Thomas and I grew up together, but we weren’t friends or anything. He lived three houses down from me and our mothers hated each other. Even if I had been inclined to play with boys, or he with girls, our friendship would have been forbidden. When I was really young, out of obedience to my mother, I walked across the street just to avoid passing by Mrs. Callahan’s house. That was before I discovered how good it felt to be disobedient.

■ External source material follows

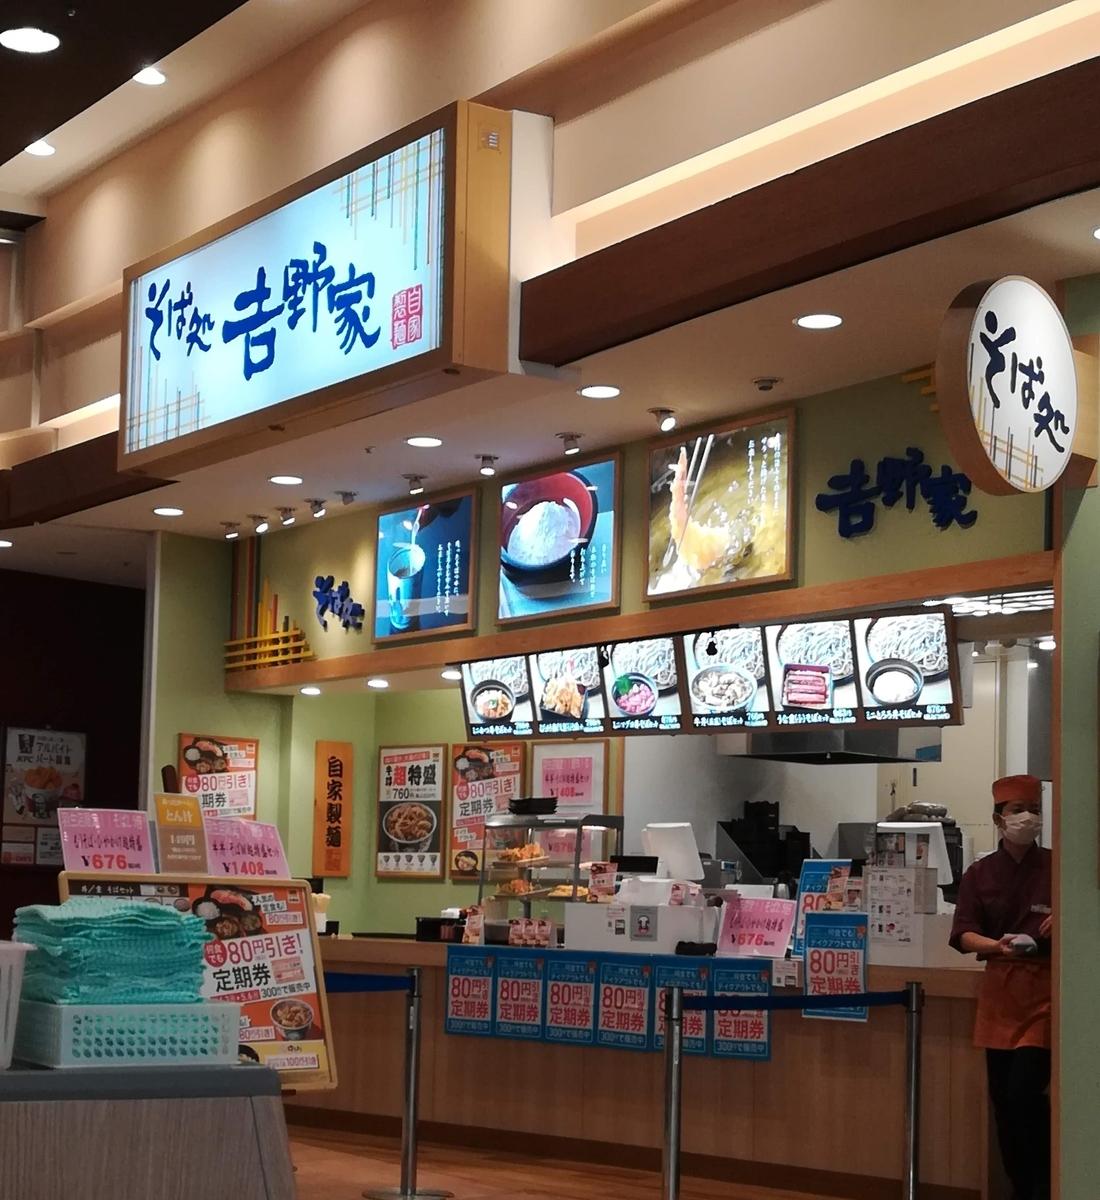 そば処吉野家は蕎麦と吉野家の牛丼が食べられるお店です!

According to Mom, the Callahans were a bunch of degenerates. Marnie and I had better stay away from them. The Callahan boy—a year older than Marnie, two years older than me—was taller than my father, and always struck me as being standoffish. He sat by himself in the back of the bus—too imposing for the cool kids to intimidate, too much of a loner to be inducted into the back-of-the-bussers’ group. Those guys were the perfect mixture of popular and badass. They smoked clove cigarettes and went to make-out parties. Like me, their parents were divorced. Unlike me, they had two sets of full homes instead of one mostly empty one.
I envied them.
When we learned about Rosa Parks in the fourth grade, I never could wrap my head around the irony that, at one point, the front of the bus had been considered desirable.
Marnie sat in the back. It wasn’t surprising. Even out of the house, my sister was everybody’s favorite.
I sat in the middle. I was neither popular nor unpopular. I just sort of was.
It wasn’t until a few weeks before my sixteenth birthday that Tommy Callahan talked to me.